I generally despise lore as irrelevant self-aggrandizing microfiction. That's one of the reasons why I dislike
World of Darkness and preferred other games like
C.J. Carella's WitchCraft, New World of Darkness/
Chronicles of Darkness, and
Nephilim.
I adore
WitchCraft for its broad flexible setting that more or less reflects how urban fantasy fiction was written, without all the weirdo baggage that I disliked about
World of Darkness. The factions were driven by actual ideologies rather than shallow clique nonsense like "basement dwelling chud vampire" or "sneaky werewolf." The Unisystem rules and unified worldbuilding made crossover play easy. For example, the "ferals" (totemic shapeshifters) could emulate the Talbot stereotype who transforms involuntarily under the full moon or a
Werewolf: The Forsaken-esque Sumerian spiritual warrior that protected the balance between the mundane and magical worlds (this was written a few years before
Forsaken released, eerily enough). It would be great if the game wasn't canceled for decades and the fandom dried up.
I thought
Chronicles was pretty neat, even though I didn't agree with every creative decision. It wasn't
WitchCraft, but it had its charms. The bloodlines, the factions, the bestiaries, the historical eras, all of it sounded neat to me. I particularly loved
Hunter: The Vigil and
Changeling: The Lost for their broad and flexible settings with lots of factions, powers, creatures, etc. What ruined it for me were the haters. I got viciously cyberbullied for liking it in the 2000s and early 2010s by
World of Darkness fans, not to mention a bizarre fixation among the CoD fans for masochistic mechanics I despised (the morality meters are fundamentally stupid and I will die on that hill, and also I just don't like grimdark settings anymore after outgrowing my teen angst phase), which ultimately led to me just leaving the hobby because I couldn't deal with the vitriol. To this day, they still trot out fake statistics like "nWoD flopped" when
the ICv2 indicates it was a huge financial success for five years straight and popular enough that it got second editions in the 2010s under a different publisher.

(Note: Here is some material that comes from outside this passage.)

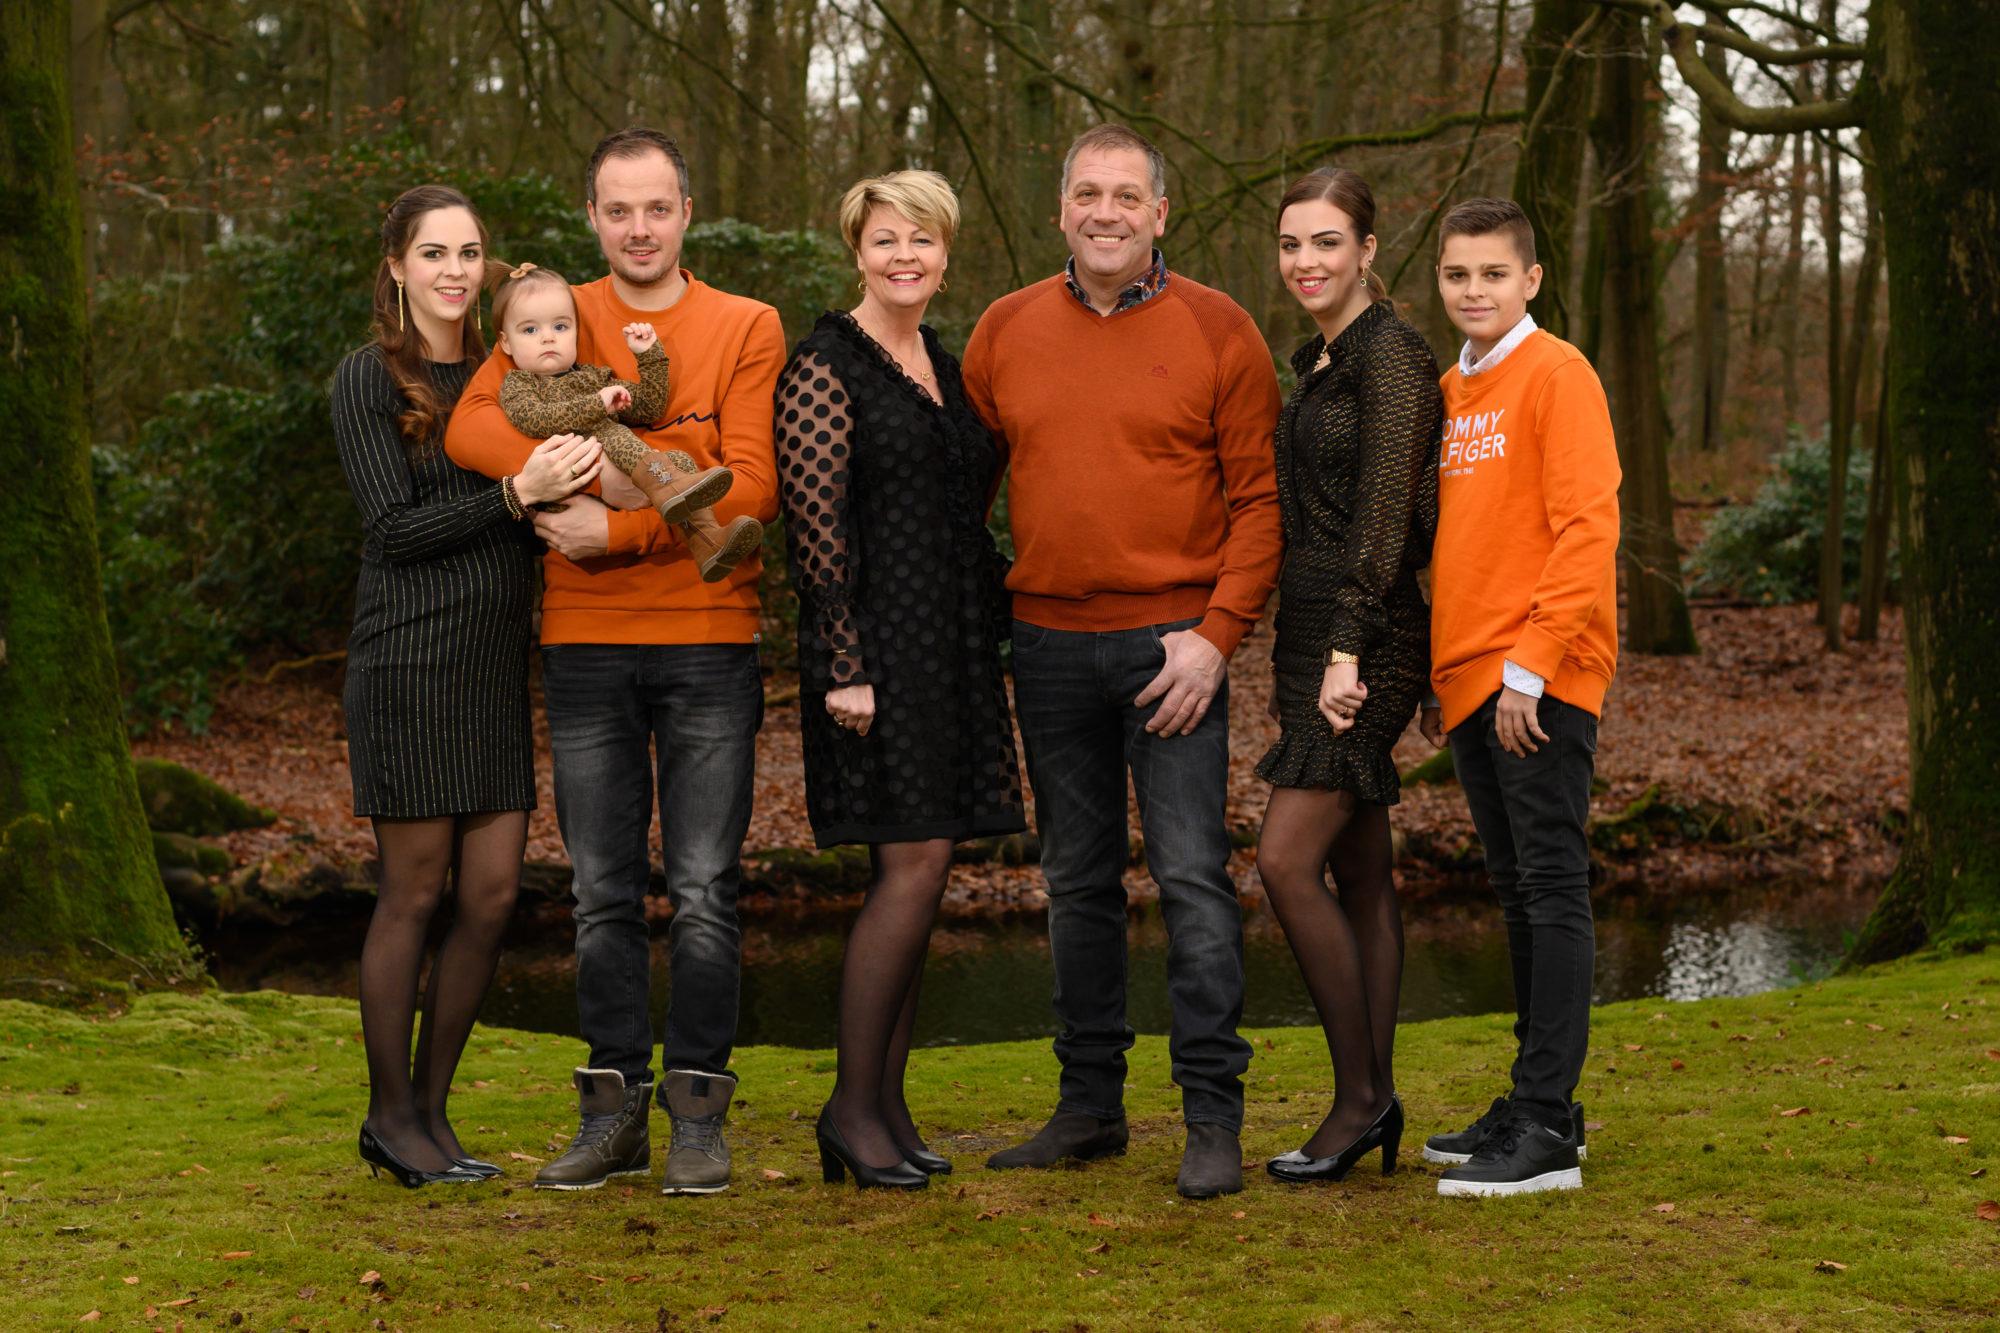 fotoshoot, familieshoot, fotografie Wouter van Middendorp omgeving Uddel, Putten, Barneveld, Nunspeet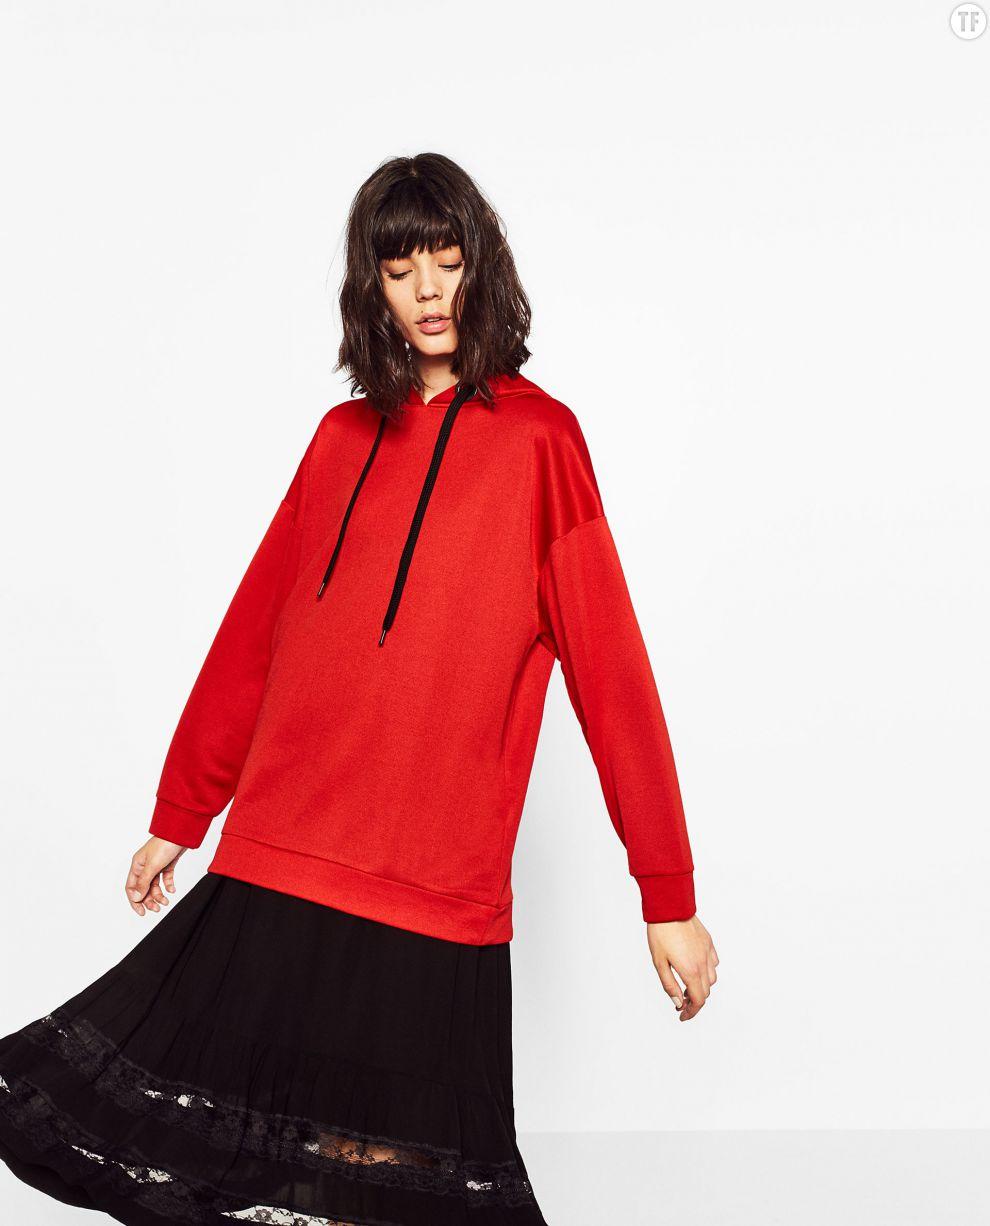 taille 7 bons plans sur la mode vendu dans le monde entier a href=

By contrast, I found my myself drawn to
Nephilim for opposite reasons. That game has a lot of lore, especially in the original French version. Usually I dislike lore for being irrelevant self-aggrandizing microfiction, and to be fair a lot of the French lore seems to be exactly that, but I fell in love with the US version because it made that lore personally relevant to PCs through its past life mechanics. The PCs could be personally involved in historical intrigues, flashback to events, and engage with the legacy of their past actions. Unfortunately, the BRP mechanics were a horrible fit for this, especially since Chaosium took the messy French 1st edition rulebook as a loose foundation before just making stuff up and changing their minds mid-development and releasing supplements with new mechanics that overruled the core rules. It's this whole thing. (The French version trudged along and got lots of rules refinements, eventually abandoning BRP in the 2000s third edition in favor of a roll under d20 mechanic, with the fourth and fifth editions making up new systems due to the rights being resold multiple times. It took the French version until the 2020 fifth edition to make past lives easy to manage and possible to recall during play. It does this by simply treating past lives
as skills, replacing a conventional skill system.) Also, the PCs are body snatching thetans; that allegedly rubbed players badly because it was morally repugnant... I don't understand why they would care when other games let you play puppy-eating vampires, but whatever. Anyway, poor design aside, it has thus far been the only game that made me actually like lore.